Кофе долили в молчании. Матвей размышлял о словах Тараса «в течение многих сотен лет», а Горшин ушел в свои мысли. Потом Соболев сказал:

— Чего вы хотите?

— Вы уже поняли. Я хочу, чтобы вы работали с нами.

— На «Стопкрим»? — Матвей задал вопрос машинально, подумав с некоторым удивлением, что собеседник не знает, какое именно задание он получил от командования. Удача пришла с той стороны, откуда он ее не ждал, и так быстро, что невольно рождалась вера в божественное провидение.

— Если предложение слишком неожиданно, мы подождем. Если неприемлемо — я буду сожалеть, что вы не с нами.

— Не знаю. Мне нужно подумать и все взвесить. И кое-что узнать о вас. Цели, сверхзадачу «Чистилища».

— Наша цель — уничтожение преступности как института. Если вы действительно имеете в виду сверхзадачу. «Стопкрим» задуман как бумеранг в ответ на возведенную в ранг негласного закона вседозволенность чиновников вообще и властных структур в частности.
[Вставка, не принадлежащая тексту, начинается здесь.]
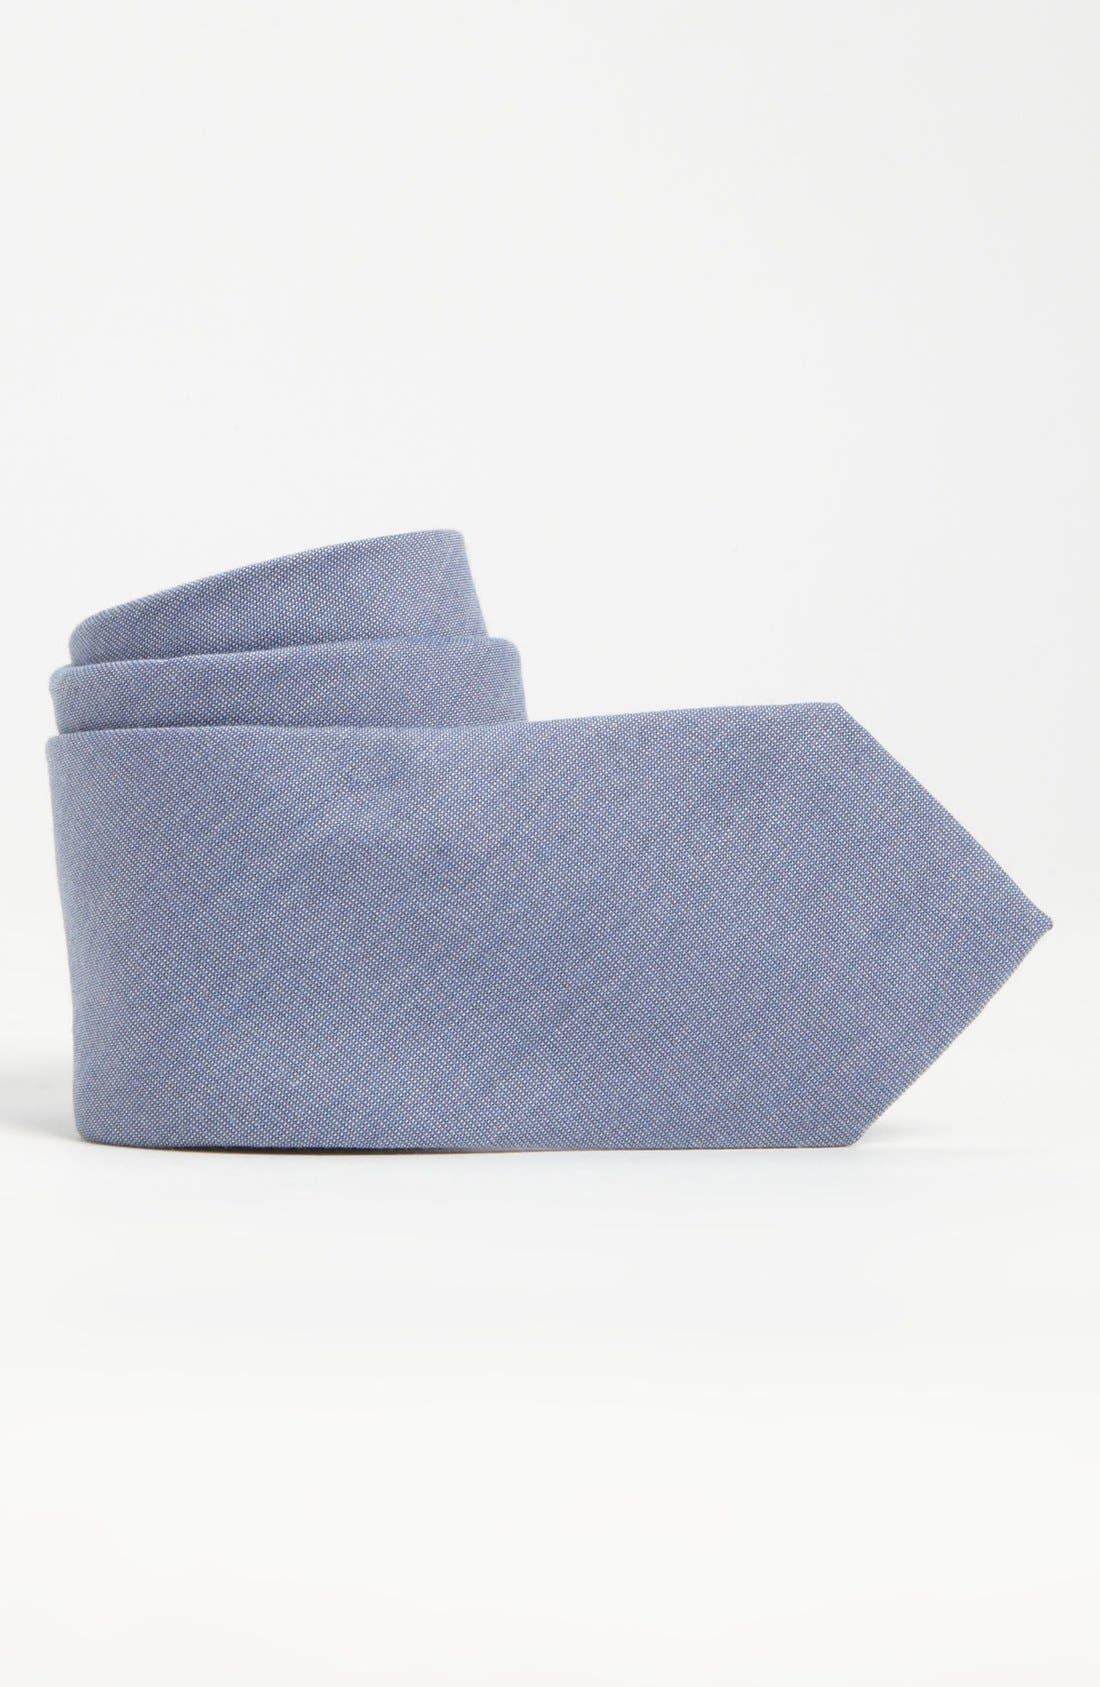 Alternate Image 1 Selected - Nordstrom Woven Tie (Big Boys)

Государственных, коррумпированных сверху донизу, или теневых, мафиозных — нет никакой разницы.

— Звучит красиво. — Матвей с иронией посмотрел на невозмутимое лицо Горшина. — Этакий центр по нравственному воспитанию преступников… с помощью пули и кинжала.

Тарас остался спокоен.

— Мы не видим иного пути. Те, против кого нацелен «Стопкрим», давно перестали быть людьми, это человекоподобные монстры с извращенной моралью. У англичан есть пословица: там, где правила игры не позволяют выигрывать, английские джентльмены меняют правила. Увещевания и призывы к совести монстров явно не помогают, и мы вынуждены играть по более жестким правилам.

— Существует еще одна английская поговорка, — медленно проговорил Матвей.
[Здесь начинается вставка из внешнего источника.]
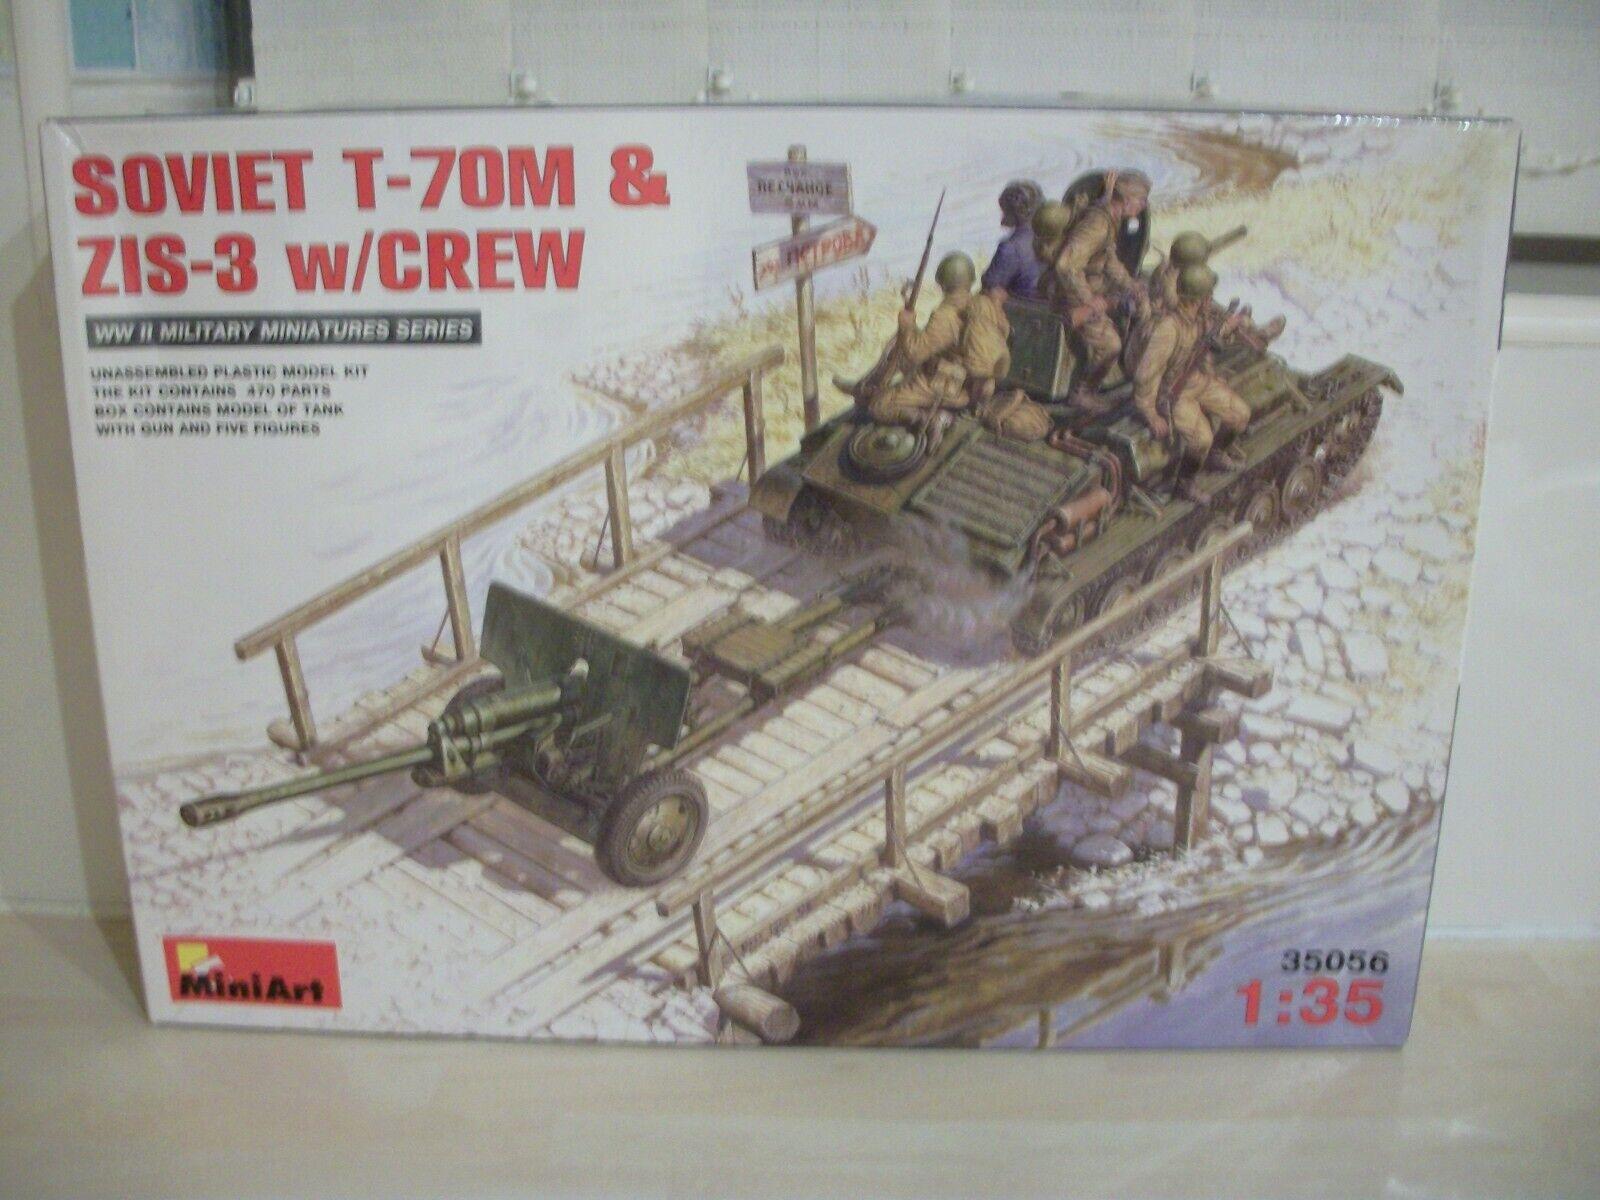 MiniArt 35056 1 35 Scale Soviet T-70M & ZIS-3 with Crew Model Kit

— Для других мы создаем правила, для себя — исключения. Как в данном случае сделали вы, присвоив себе право судить и карать.

— Мы не видим иного пути, — повторил Тарас тихо. — Времена негодяев требуют адекватного ответа. Откройте нам глаза, сообщите методы, столь же действенные, как наш, но не опирающиеся на террор и насилие, и мы пойдем за вами.

Матвей молчал, разглядывая цветочный узор на дне тарелки. Когда он поднял глаза, рядом никого не было. Тарас исчез бесшумно, как привидение. Впрочем, Матвей не особенно удивлялся, он чувствовал, что разговор не окончен. Одно только мучило: очень хотелось выяснить секрет Горшина, эзотерика, человека Круга, способного исчезать, как бесплотный дух. Да и узнать заодно, что такое Круг в натуре. У Успенского Внутренний Круг описан, так сказать, теоретически, а тут он, похоже, реализован на практике и столь же реален, как мафия.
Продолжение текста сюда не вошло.